If a package is not available via a package manager, manual installation might be an option. I put manually applications in ‘’‘/opt’’’. Next, I link them to a correct location on our system, usually ‘’‘/usr/local/bin’’’. Below you have some examples of this, which you can try out yourself.

If you want to manually install apps, ‘’‘/opt’’’ is the advised directory. However, only the administrator (‘root’) can access /opt. You can check that the /opt directory belongs to root with <pre>ls -l /opt</pre> To be able to copy and write stuff into /opt, we need root permissions. To do so, precede your commands with ‘'’sudo’’’, as exemplified in the next exercise below. When we do that, our password will first be asked. Next, the command is executed with root permissions. In this way, we can edit contents in root-owned directories! You are a sudoer!

Transpose, a tool to transpose

Transpose is an extremely convenient text tool to transpose tabular data. We will use it later. The code is hosted on SourceForge.

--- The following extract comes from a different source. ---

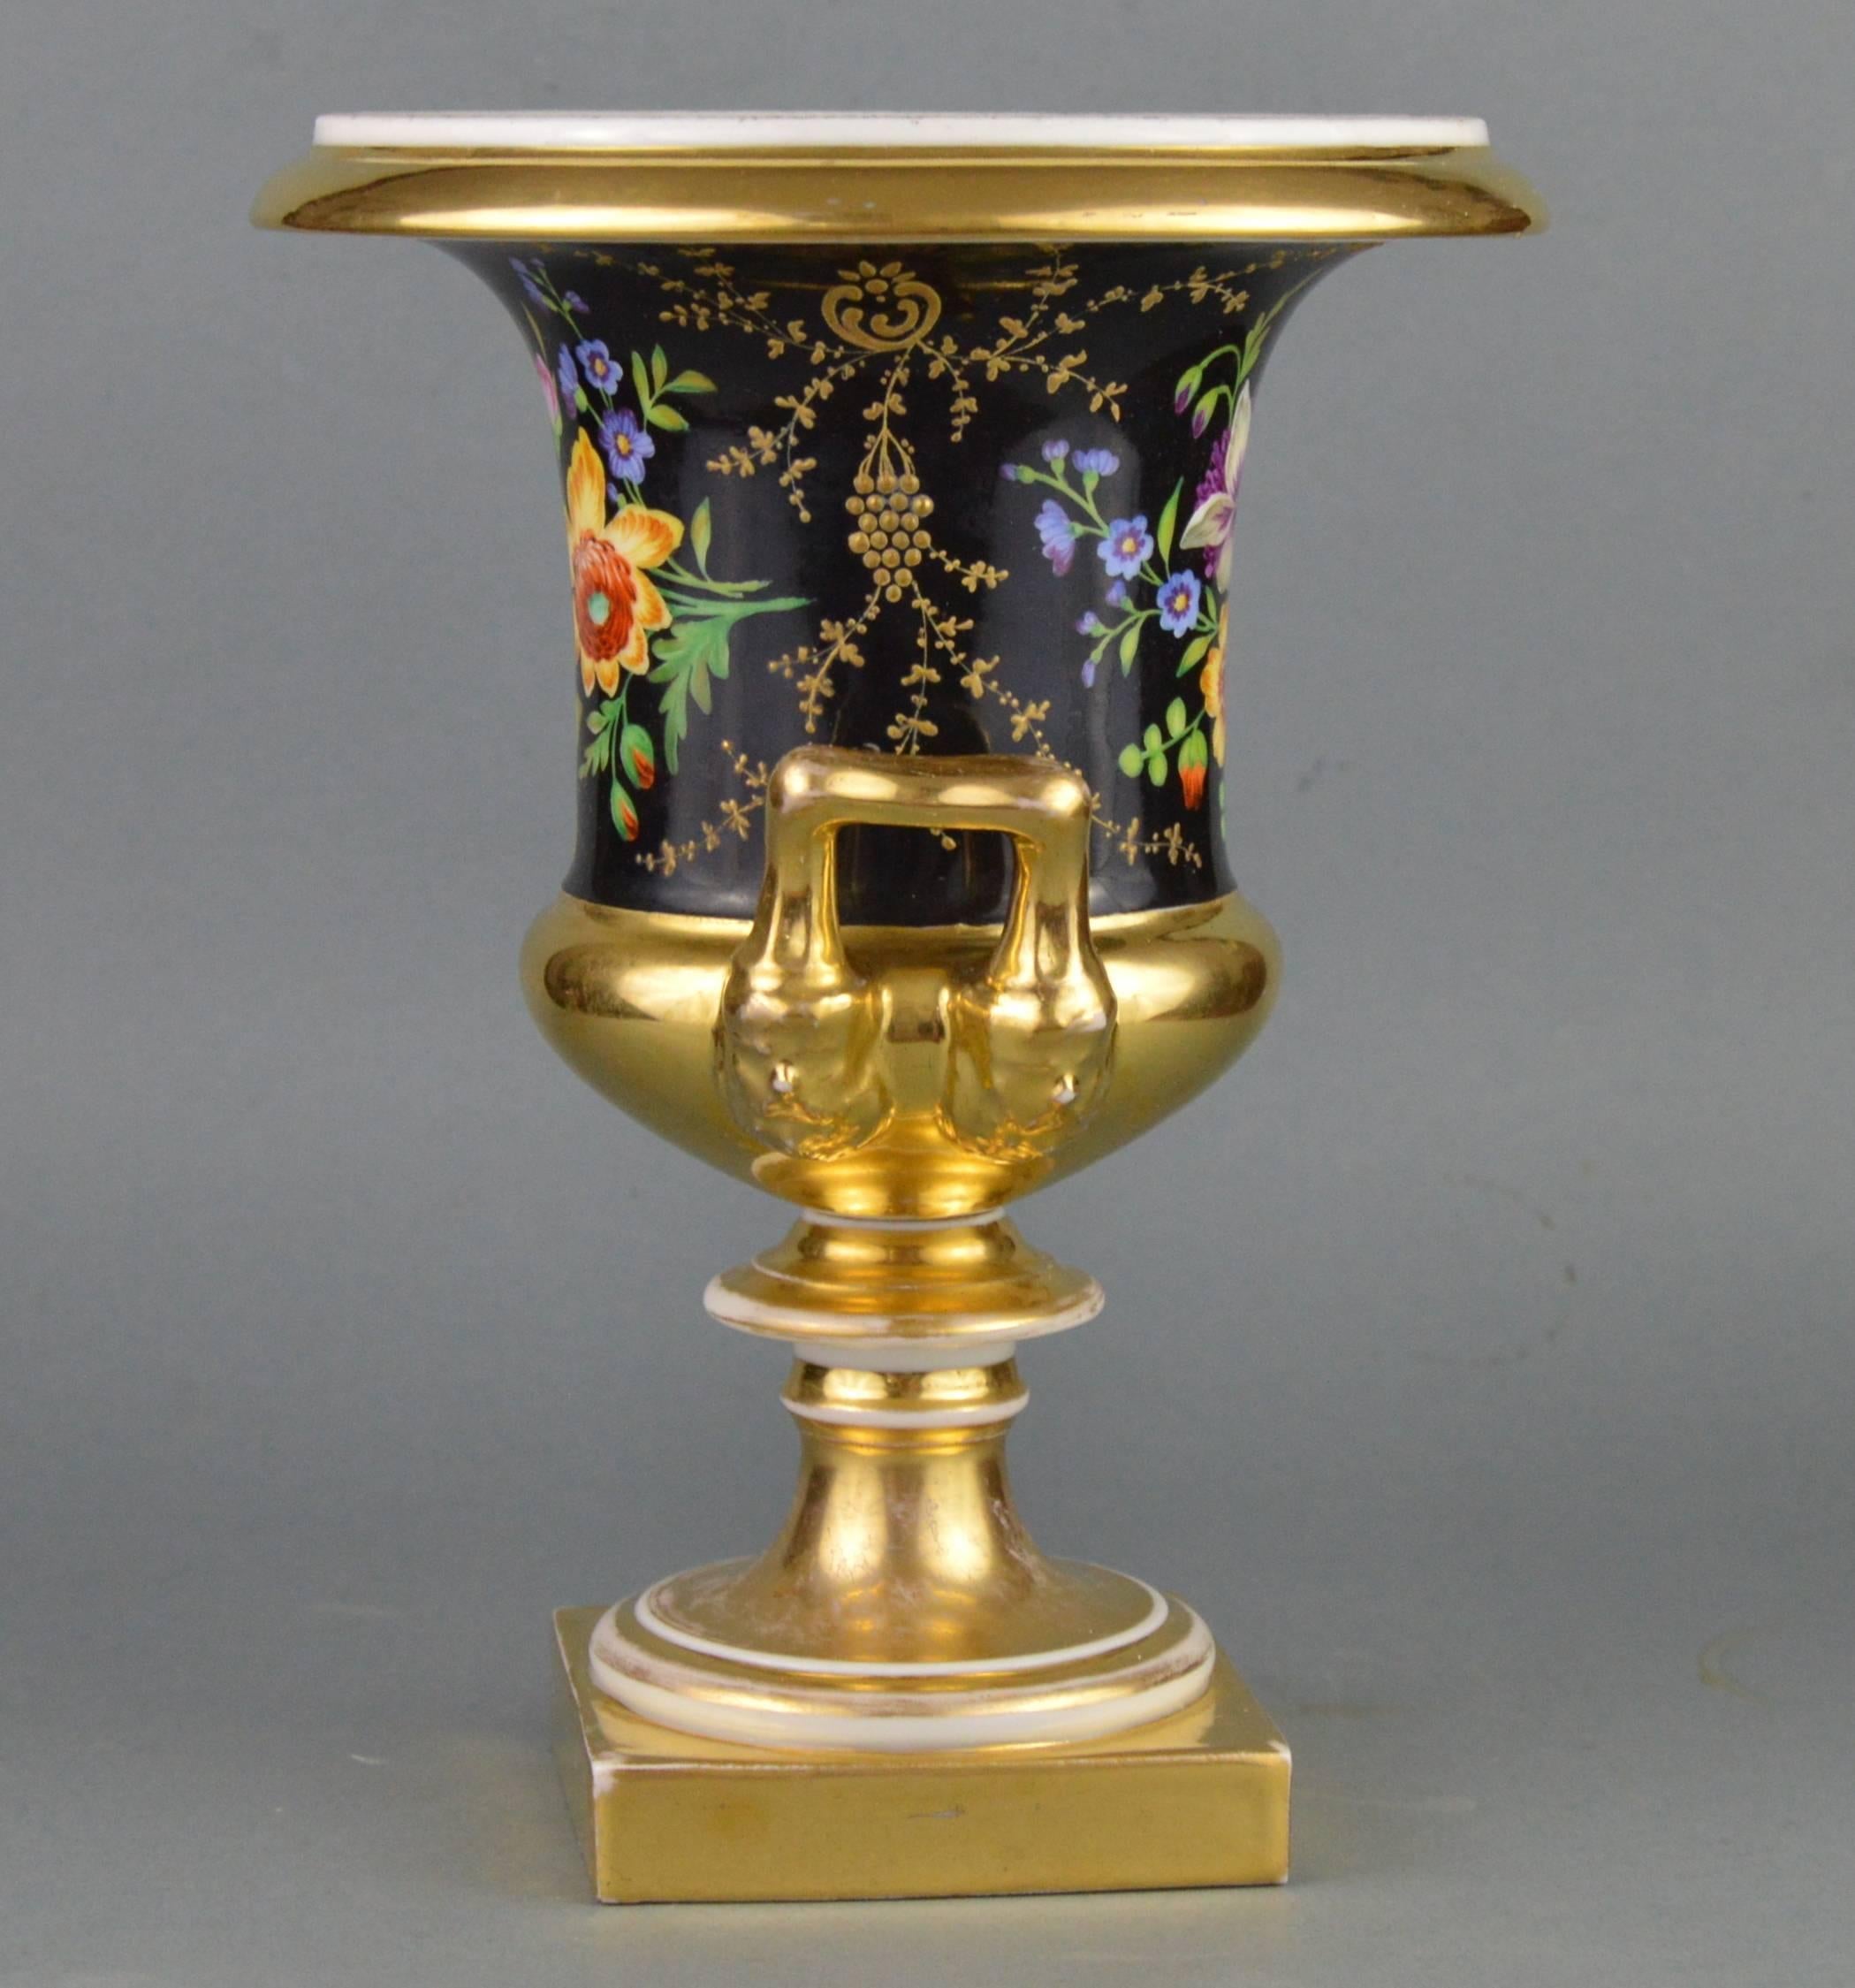 Empire Revival Medici Porcelain Vase Hand-Painted Flower Ornamented Decoration, 1820-1840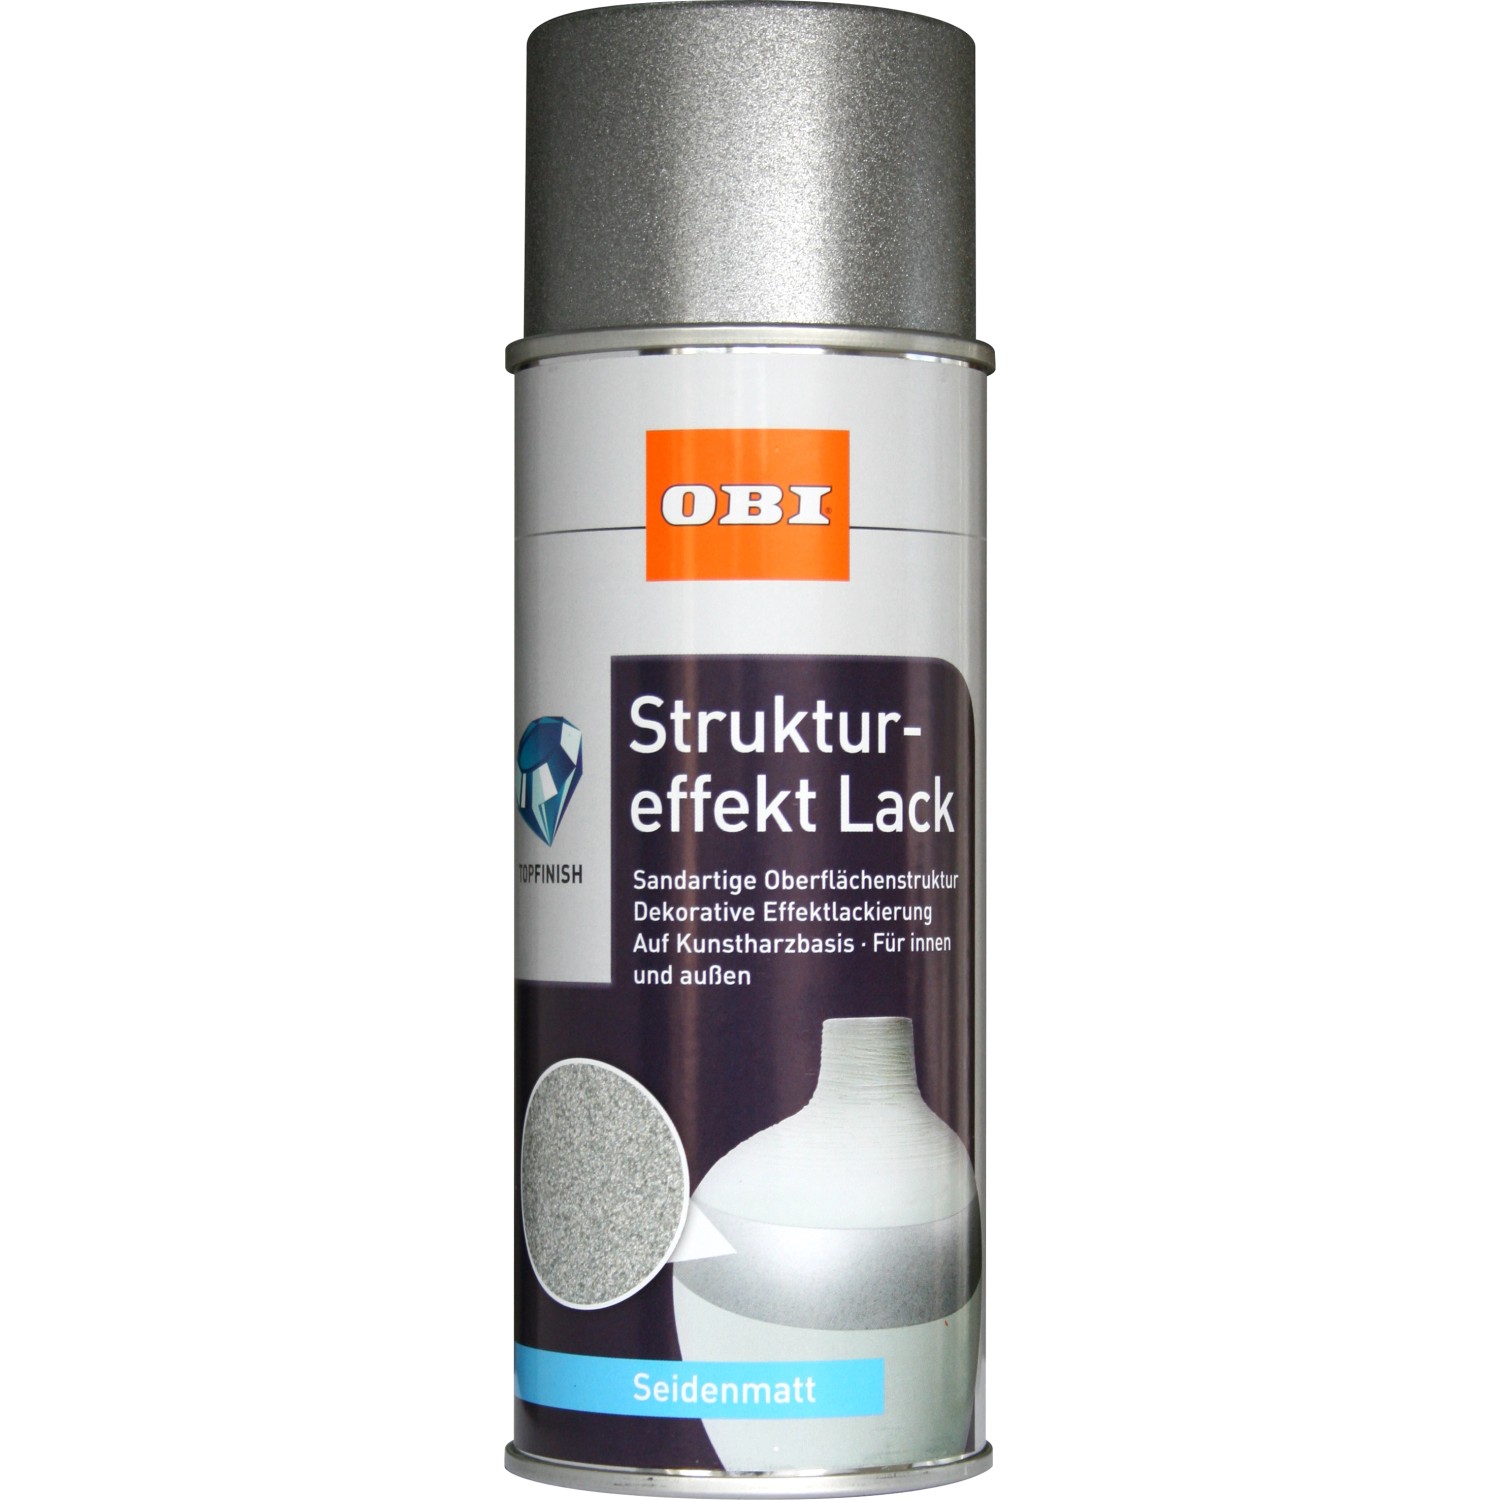 OBI Struktureffekt Lack Spray Anthrazit seidenmatt 400 ml von OBI

Download transpose installation file (zip) via the browser. Copy them to /opt using sudo cp. Go to the Sourceforce website with the browser, and click on the Download button.

Downloads $ sudo cp transpose-2.0.zip /opt
[sudo] password for joachim: 
 Downloads $

We need to precede the ‘‘cp’’ command with the ‘‘sudo’’ command, since only the root user can copy into ‘‘/opt’’.

Unpack the installation in /opt, compile the binary and test it with ‘tranpose –help’. Use sudo to do so.

$ pwd
/opt
$ ls trans*
transpose-2.0.zip
$ sudo unzip transpose-2.0.zip 
Archive:  transpose-2.0.zip
   creating: transpose-2.0/
   creating: transpose-2.0/win32-bin/
  inflating: transpose-2.0/win32-bin/transpose.exe  
   creating: transpose-2.0/src/
  inflating: transpose-2.0/src/transpose.c  
  inflating: transpose-2.0/README 

The zip file is now unpacked. Let us now compile the code. ALWAYS have a look at the README file for this.

$ cd transpose-2.0
$ head README
To Compile:
	gcc transpose.c -o transpose
To Install - Just copy into your path. e.g.:
	cp transpose /usr/local/bin/
$ cd src/
$ sudo gcc transpose.c -o transpose

The program gcc compiles the human readable code in the file transpose.c and produces a binary file out of it, called transpose.

We can now run the binary file from within the directory.

$ ./transpose --help
       Description:     
	This software is released under the GPL license
	Reshapes delimited text data - amongst other things, it can transpose a matrix of plain text data.

Create a symbolic link to the newly created binary to /usr/local/bin. This directory collects binaries/commands to be used on the command line.

$ sudo ln -s /opt/transpose-2.0/src/transpose /usr/local/bin
$ which transpose 
/usr/local/bin/transpose

keypoints Key points

  • Where can I find my files
  • What are useful commands for file system operations

congratulations Congratulations on successfully completing this tutorial!